Dataset entries:
■ ■ ■ ■ ■ ■ ■
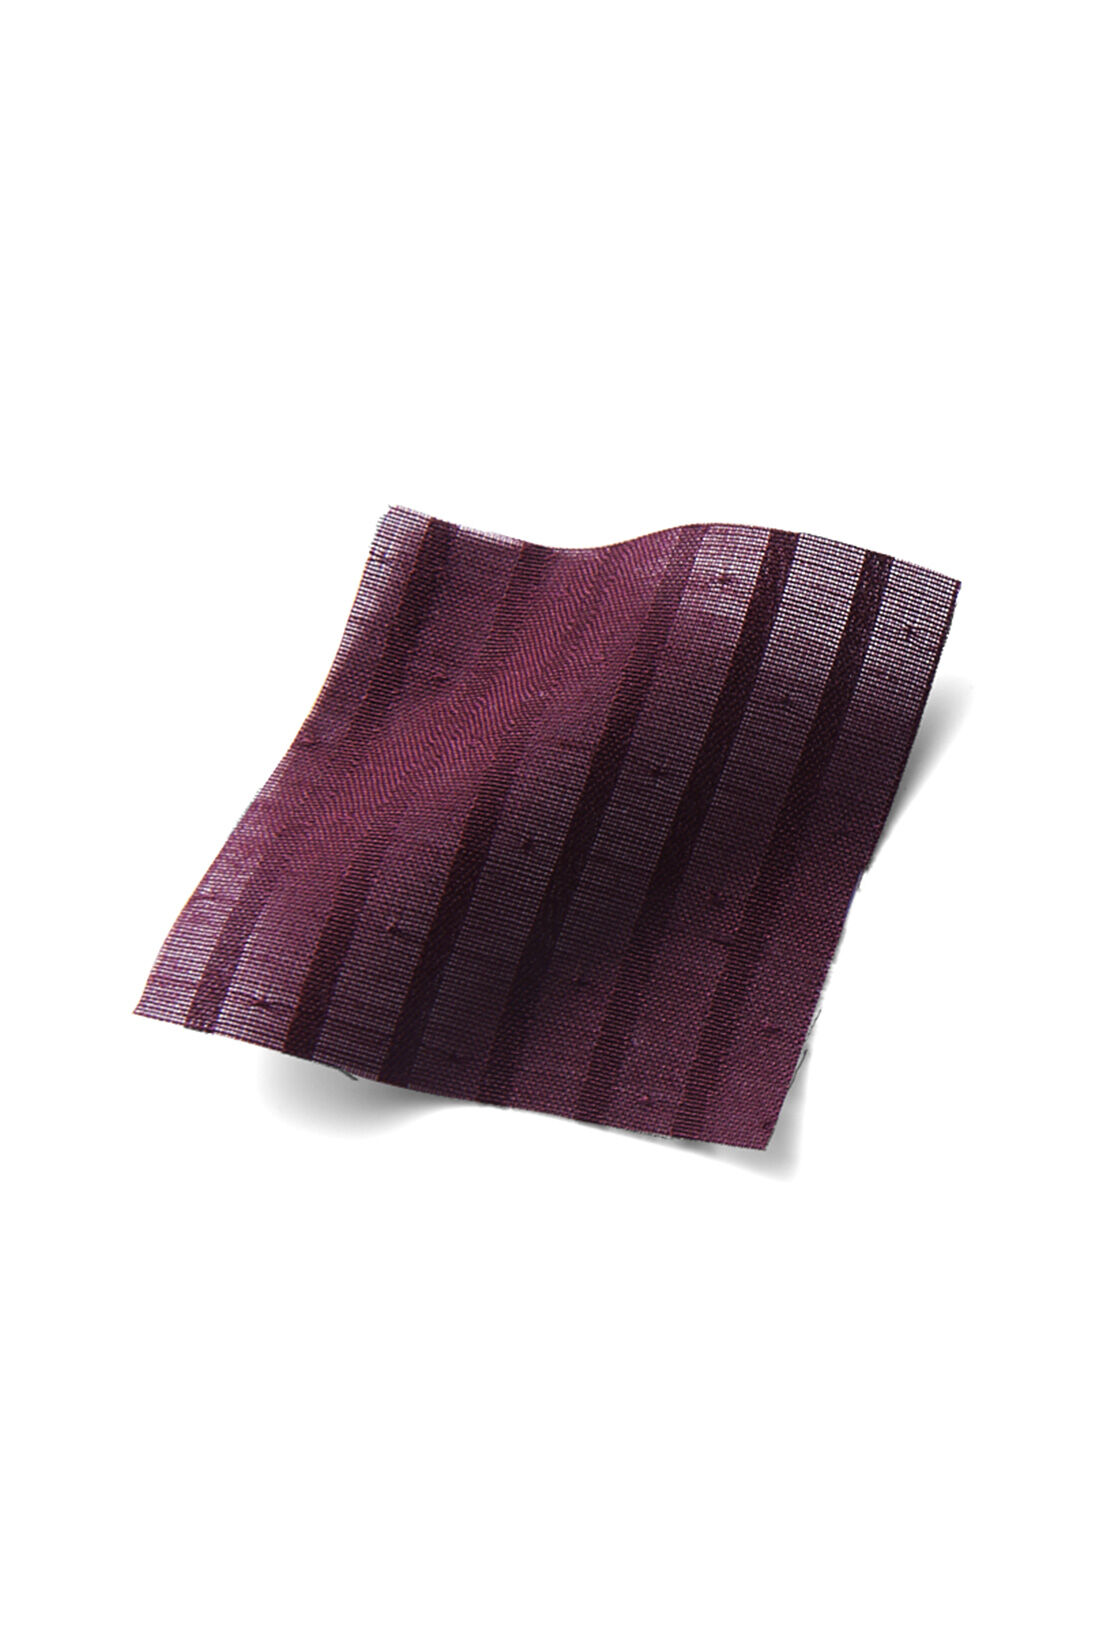 Real Stock|IEDIT[イディット]　ストライプの織り柄素材のアンティーク風レース遣いブラウス〈ボルドーレッド〉|ストライプの織り柄が凝っている布はく素材。上品さにきちんと感もプラス。
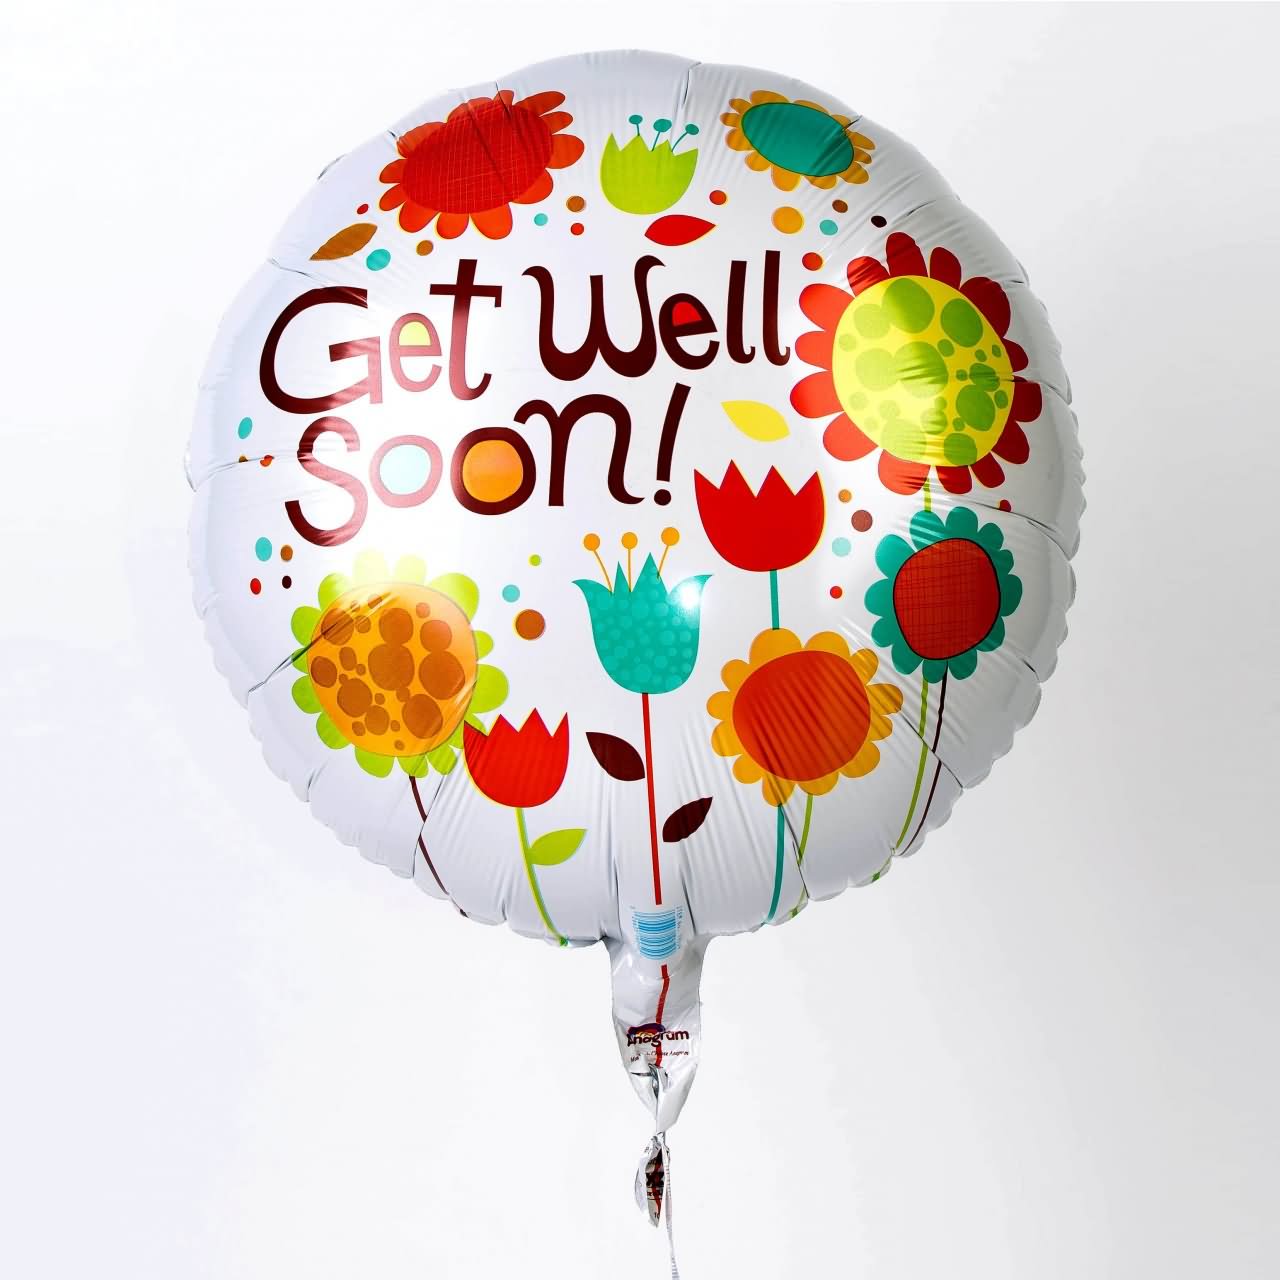 Get Well Soon Balloon Image
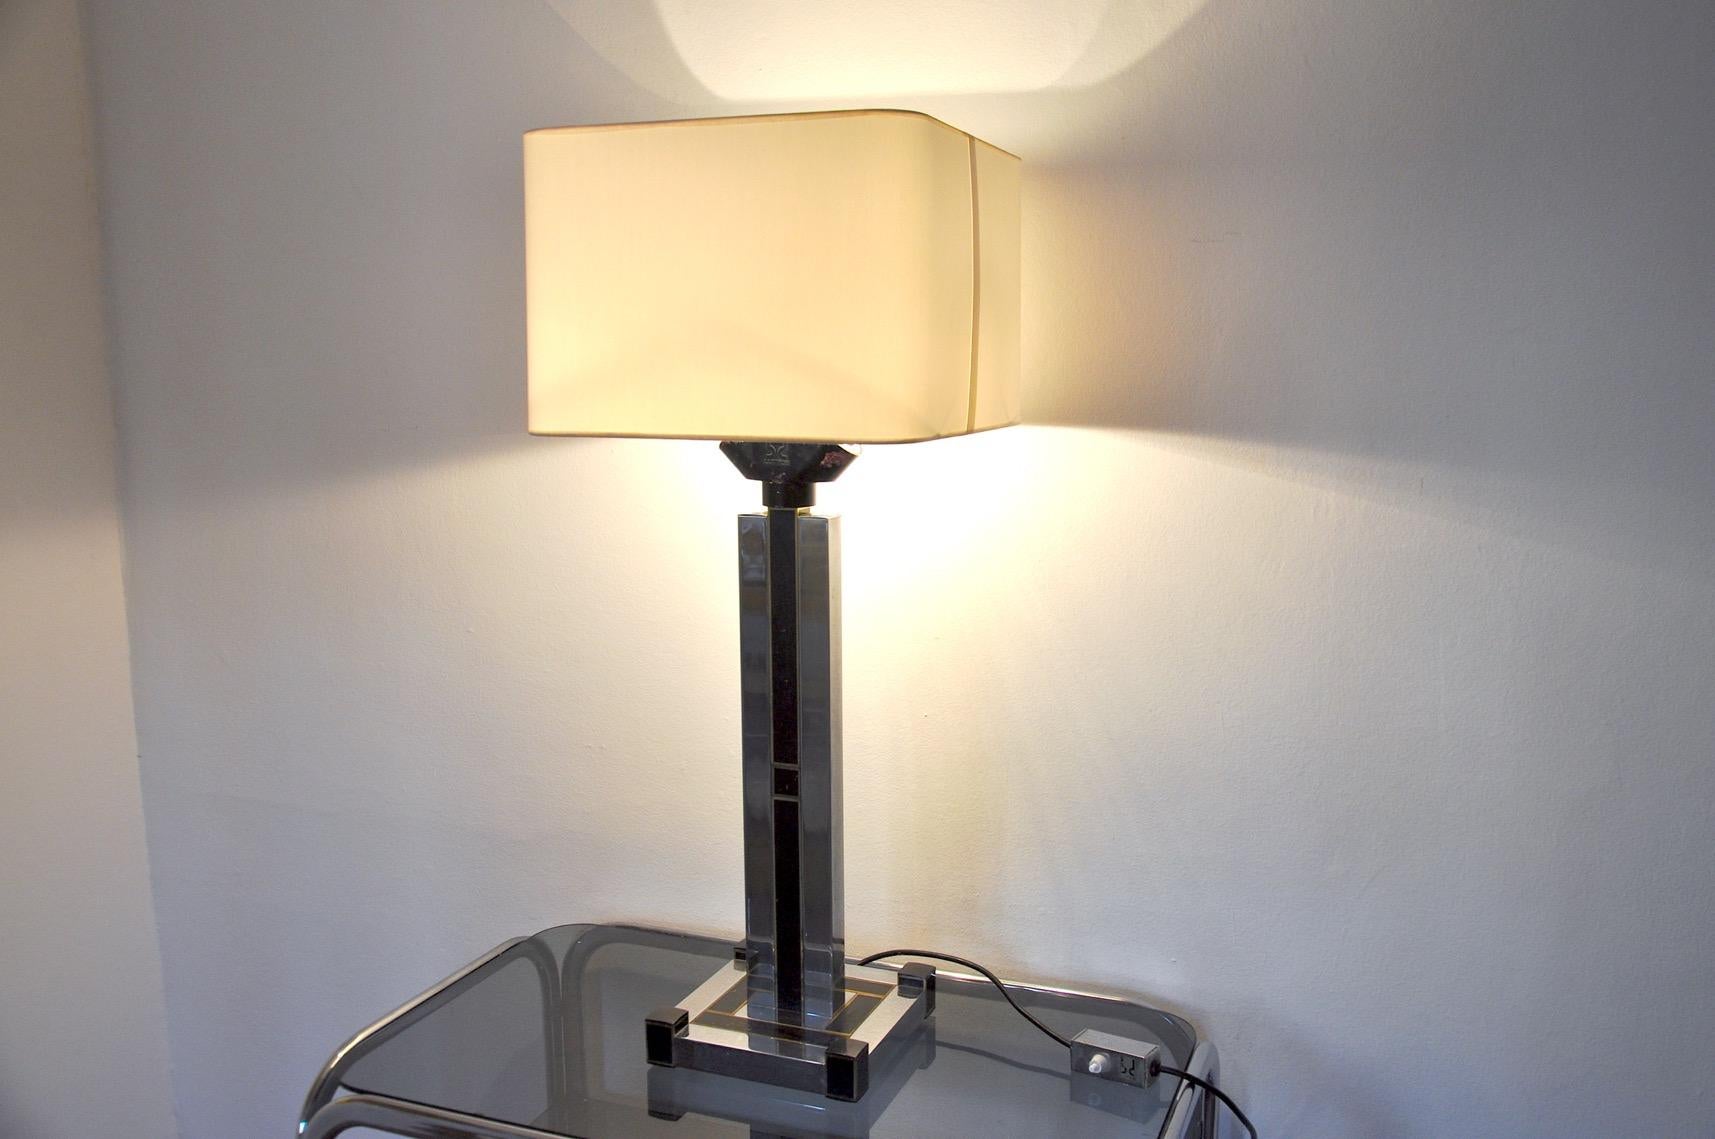 Très belle et haute lampe cubique de bd lumica dont le design est attribué à willy rizzo, produite en espagne dans les années 1980. Lampe unique par sa structure, comparable à une œuvre d'art. L'abat-jour a été réalisé sur mesure avec une toile
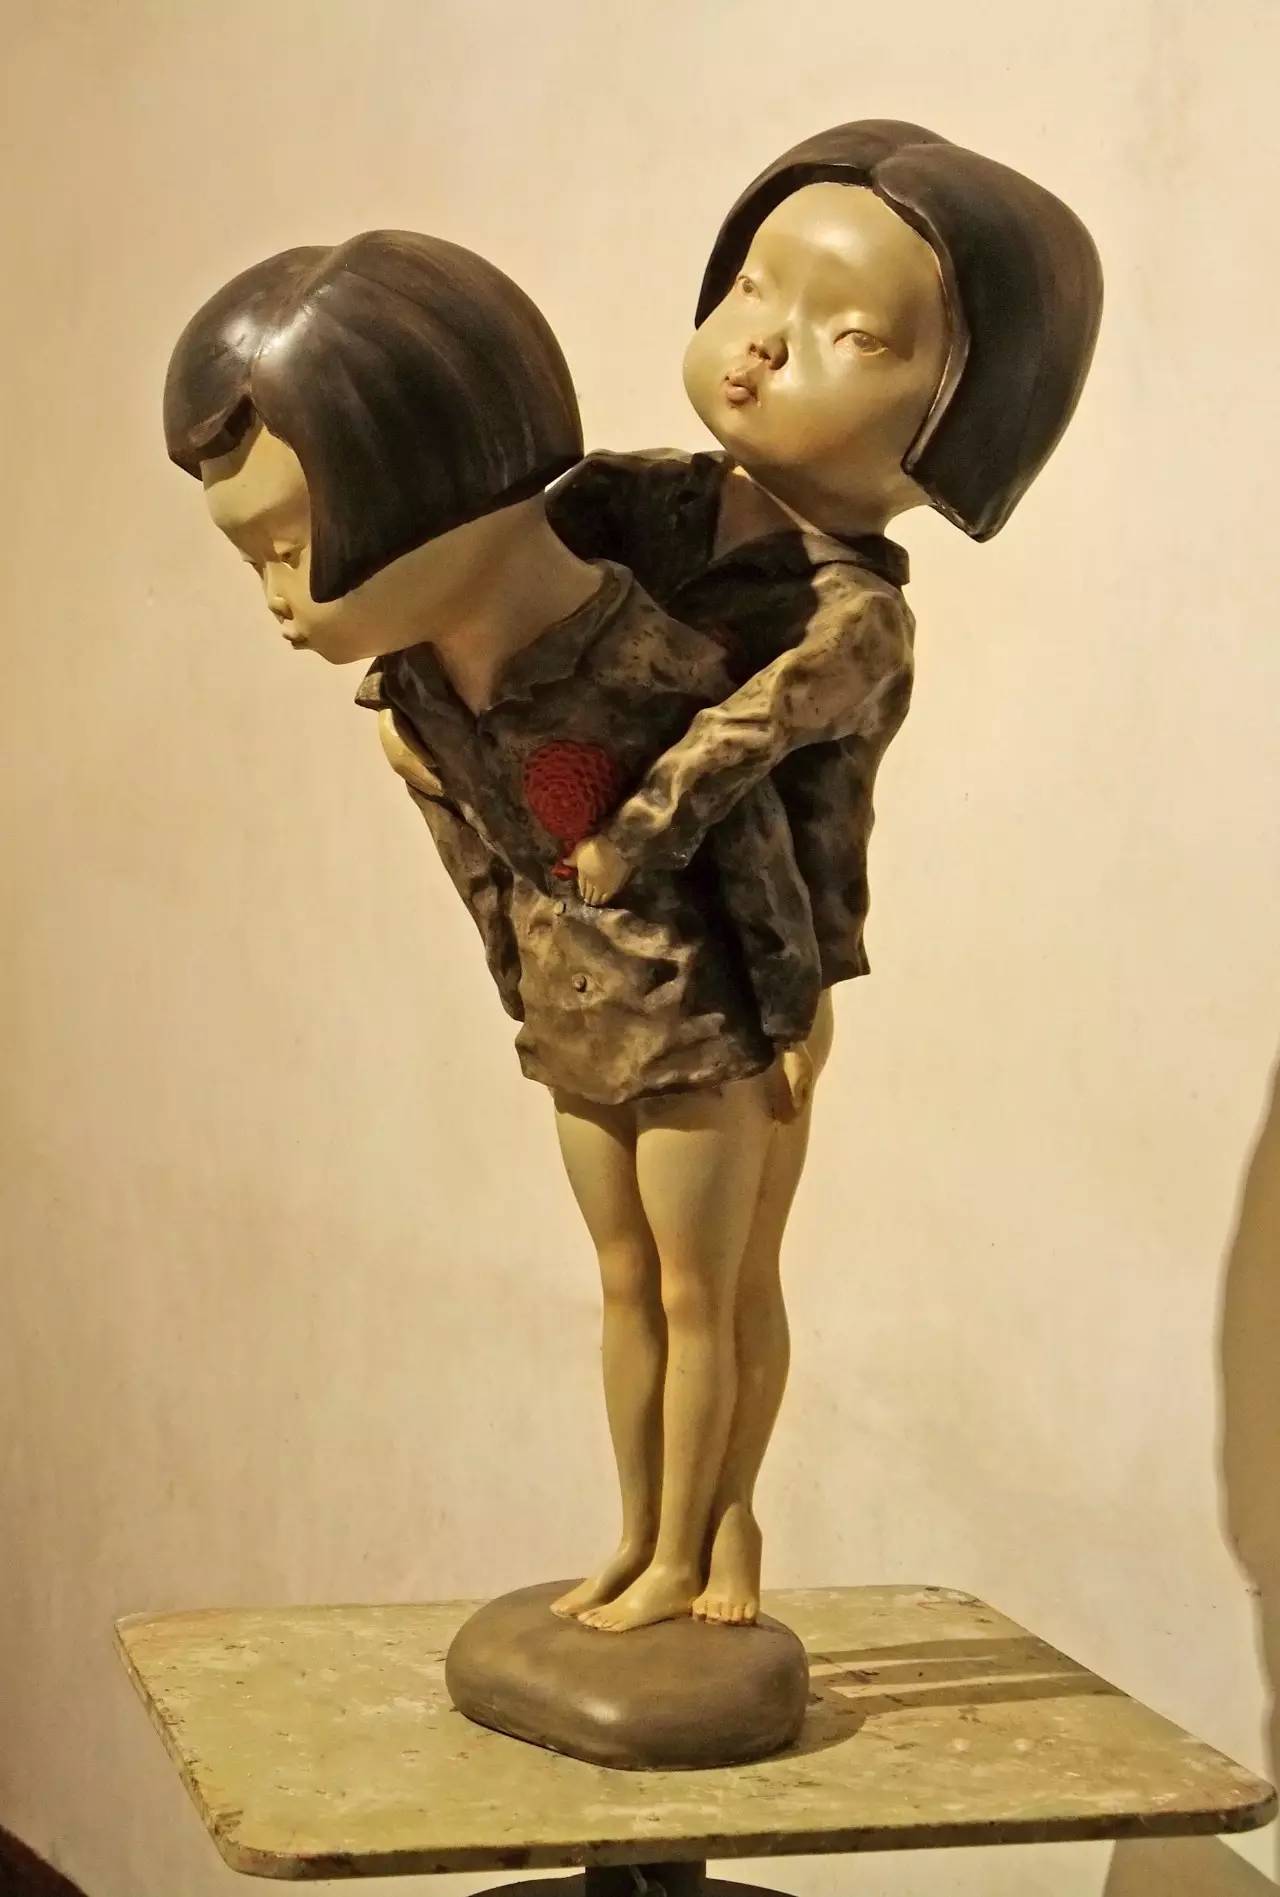 中国青年雕塑艺术家董明光
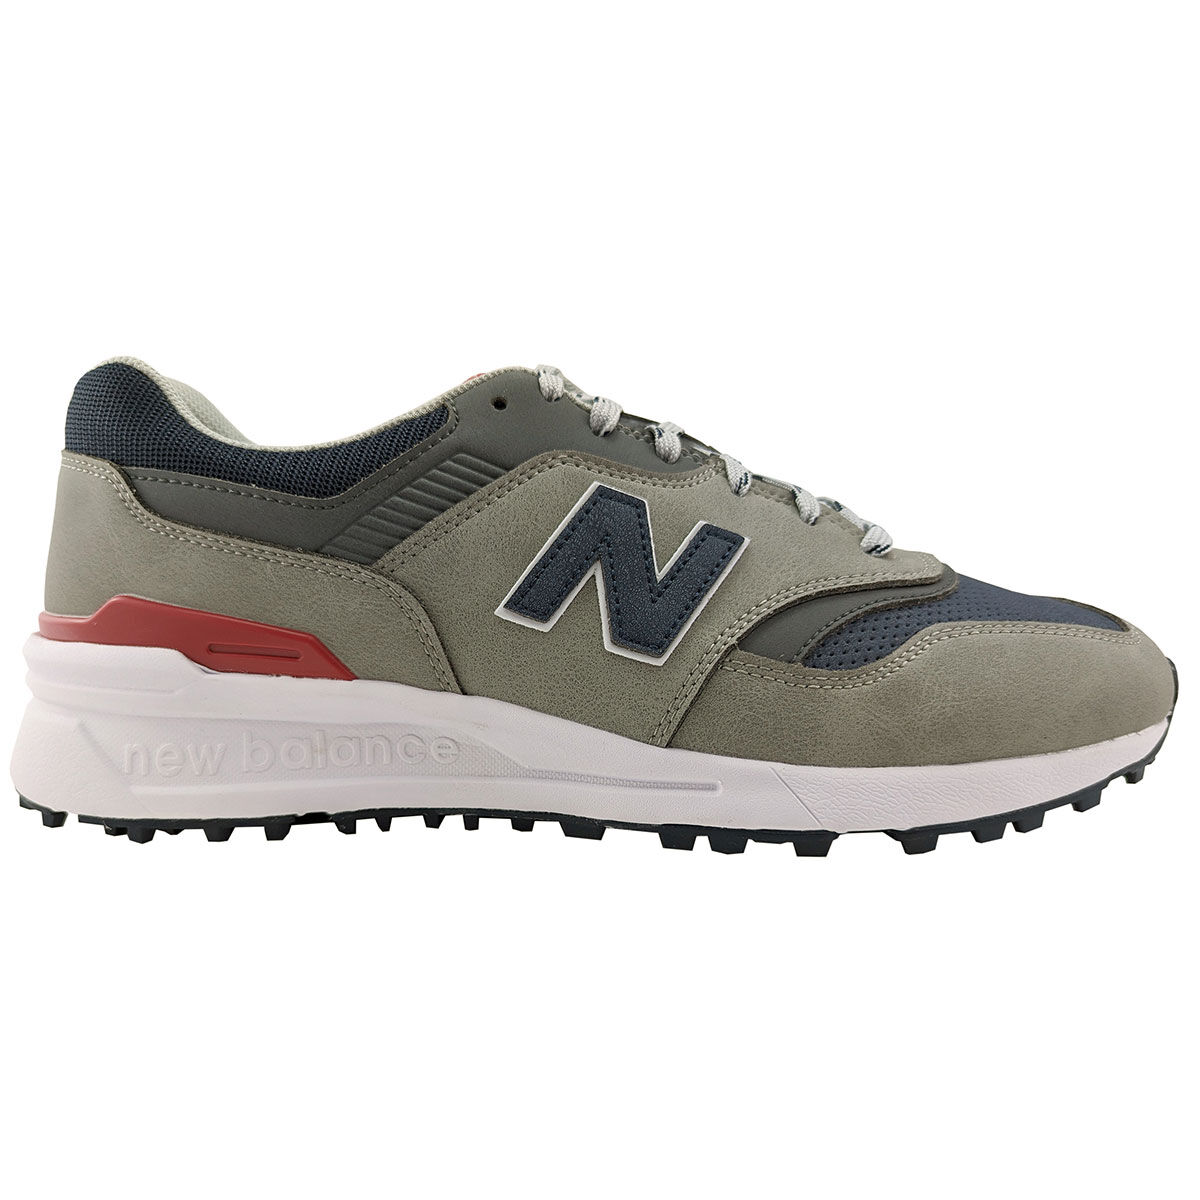 New Balance Men’s 997 Waterproof Spikeless Golf Shoes, Mens, Grey/navy, 7 | American Golf
■ ■ ■ ■ ■ ■ ■
• Exercise prompt
Print the records verbatim, without pictures.

• Solution to the exercise
 Real Stock|IEDIT[イディット]　ストライプの織り柄素材のアンティーク風レース遣いブラウス〈ボルドーレッド〉|ストライプの織り柄が凝っている布はく素材。上品さにきちんと感もプラス。
 Get Well Soon Balloon Image
 Très belle et haute lampe cubique de bd lumica dont le design est attribué à willy rizzo, produite en espagne dans les années 1980. Lampe unique par sa structure, comparable à une œuvre d'art. L'abat-jour a été réalisé sur mesure avec une toile
 中国青年雕塑艺术家董明光
 New Balance Men’s 997 Waterproof Spikeless Golf Shoes, Mens, Grey/navy, 7 | American Golf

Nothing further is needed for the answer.